Let’s be honest though: despite Andy Williams saying otherwise, sometimes Christmas isn’t the most wonderful time of the year. If I can be anecdotal for just a moment, several years ago I started a new holiday tradition. In the midst of good, ole fashioned Christmastime family tension, my aunt burst out with the one-liner “It’s the Most Wonderful Time of the Year”. A now-standard joke between us, we sing it every December at the first sign of anything gloomy or stressful. (When feeling blue, the last thing you want to hear is Andy Williams being extra perky about “the hap-happiest season of all” since deep down, your current experience tells you otherwise. Even so, instead of facing the facts, I typically try to muddle along with Andy in his cheeriness.)

This is what makes the film Surviving Christmas so powerful. It’s about a guy who has grievances from his past that he has to deal with, so he hires the family who lives in his childhood home to relive the Christmas he never had. The family is just as messed up as he is, but they still follow the script to attempt a Norman Rockwell Christmas anyway. It’s only a matter of time before things come unglued, and in the end, healing only starts when they all deal with reality. Only until they acknowledge and deal with the dysfunction can there come any sort of redemption.

All that to say this: it may just be that the the warm holiday spirit that a lot of us like to put ourselves into every year is an albatross, a weight pulling us downward. The culture presses us to make it a happy season, even if our inner selves are crumbling.
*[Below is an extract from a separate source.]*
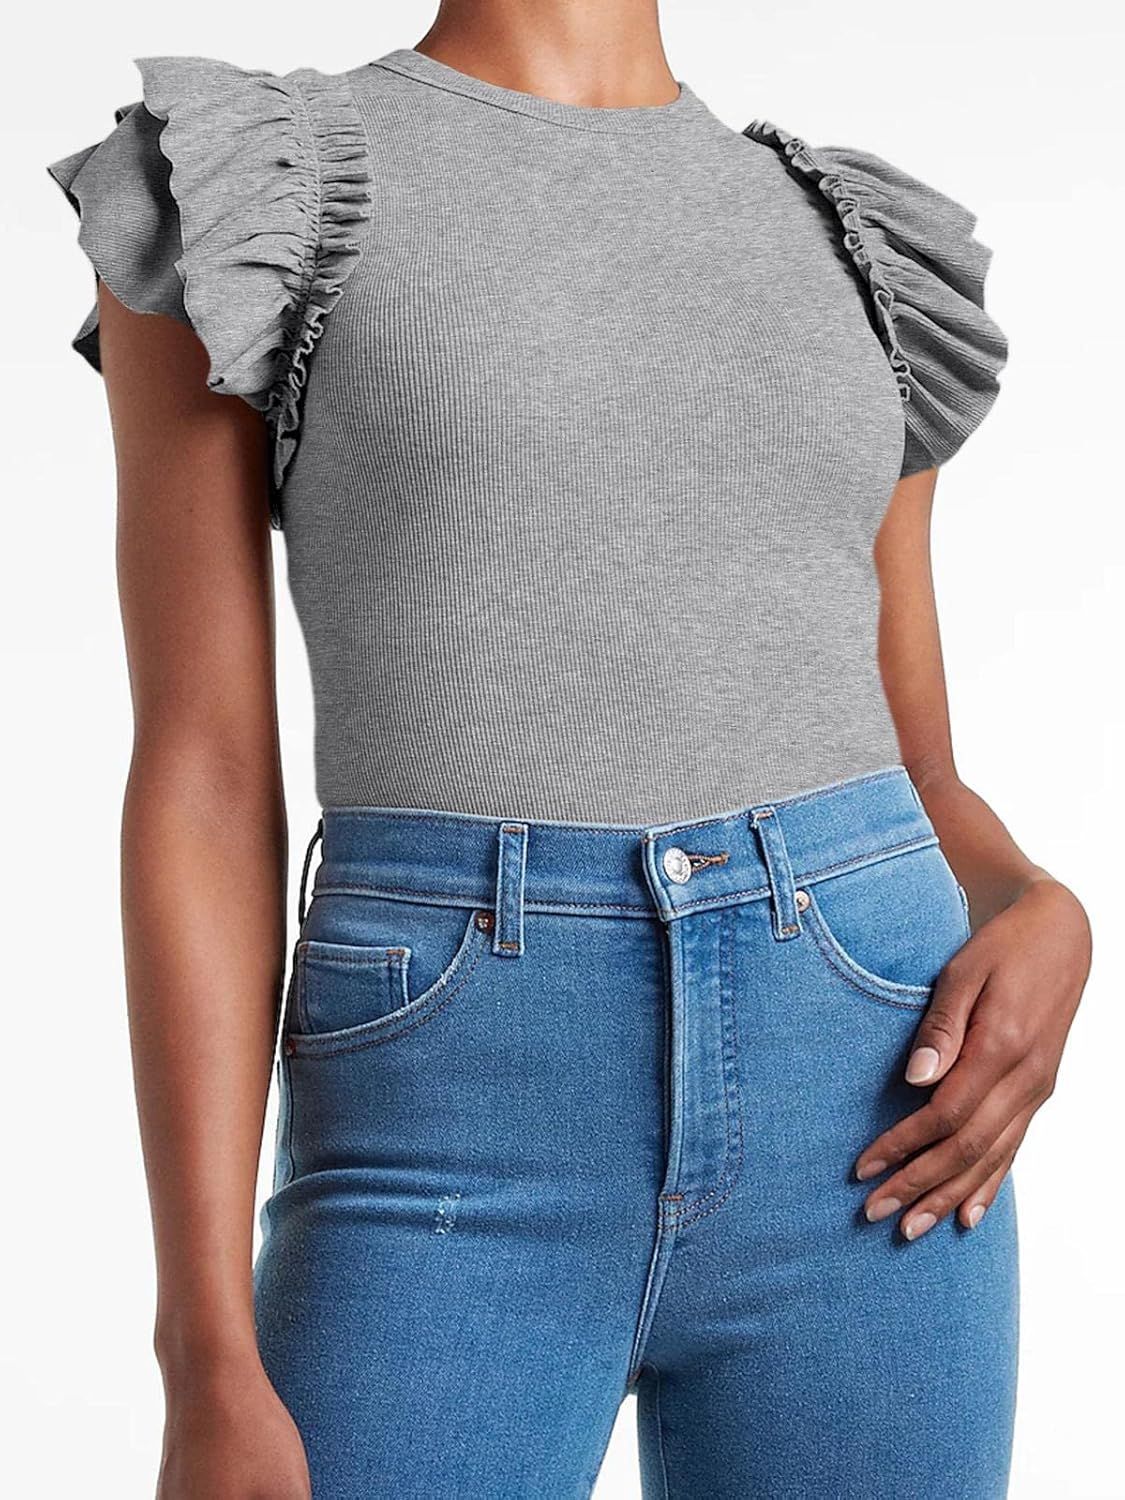 Womens Ruffle Short Sleeve Shirts Slim Fit High Neck Knit Ribbed Tops | Amazon (US)

And the songs only add to the pressure because they give us no liberating message for which to be happy.

Take the notion of “belief” for example; many of the songs speak of belief but have no ultimate, external, ground for it. Josh Groban’s “Believe” written for The Polar Express is about belief, but belief in what? The only thing the lyrics point toward is that we should believe in what “your heart is sayin'” or “what you feel inside”, demonstrating that there is no referent beyond the self. So the joy, faith, and happiness our modern holiday songs describe—all good longings—ultimately are converted into a burden when received as a secularized ideal.

In Christian thought, belief used to mean faith in something external to the self, which had a liberating effect since the self did not have to shore up its own salvation. In the same way, joy at Christmas once had its origin in God’s coming and its resulting societal implications, but now in the postmodern period, where do we turn to receive it if we have no overarching plot line to substantiate the joy? We lack a cohesive narrative of ourselves in the West, and in such a setting, how joyful can we actually be if we are going nowhere? On this point, I can write no better than Robert Jenson who in his “How the World Lost Its Story” offers a telling exposé of our current situation in the West. He writes:

Modernity’s hope was in progress; the model of this hope was biblical hope in God as the Coming One, the Eschatos. Modernity cannot hope in the biblical God, founded as it is in a declaration of independence from him. Therefore, when hope in progress has been discredited, modernity has no resource either for renewing it or for acquiring any other sort of hope. The mere negation of faith in progress is sheer lack of hope; and hopelessness is the very definition of postmodernism.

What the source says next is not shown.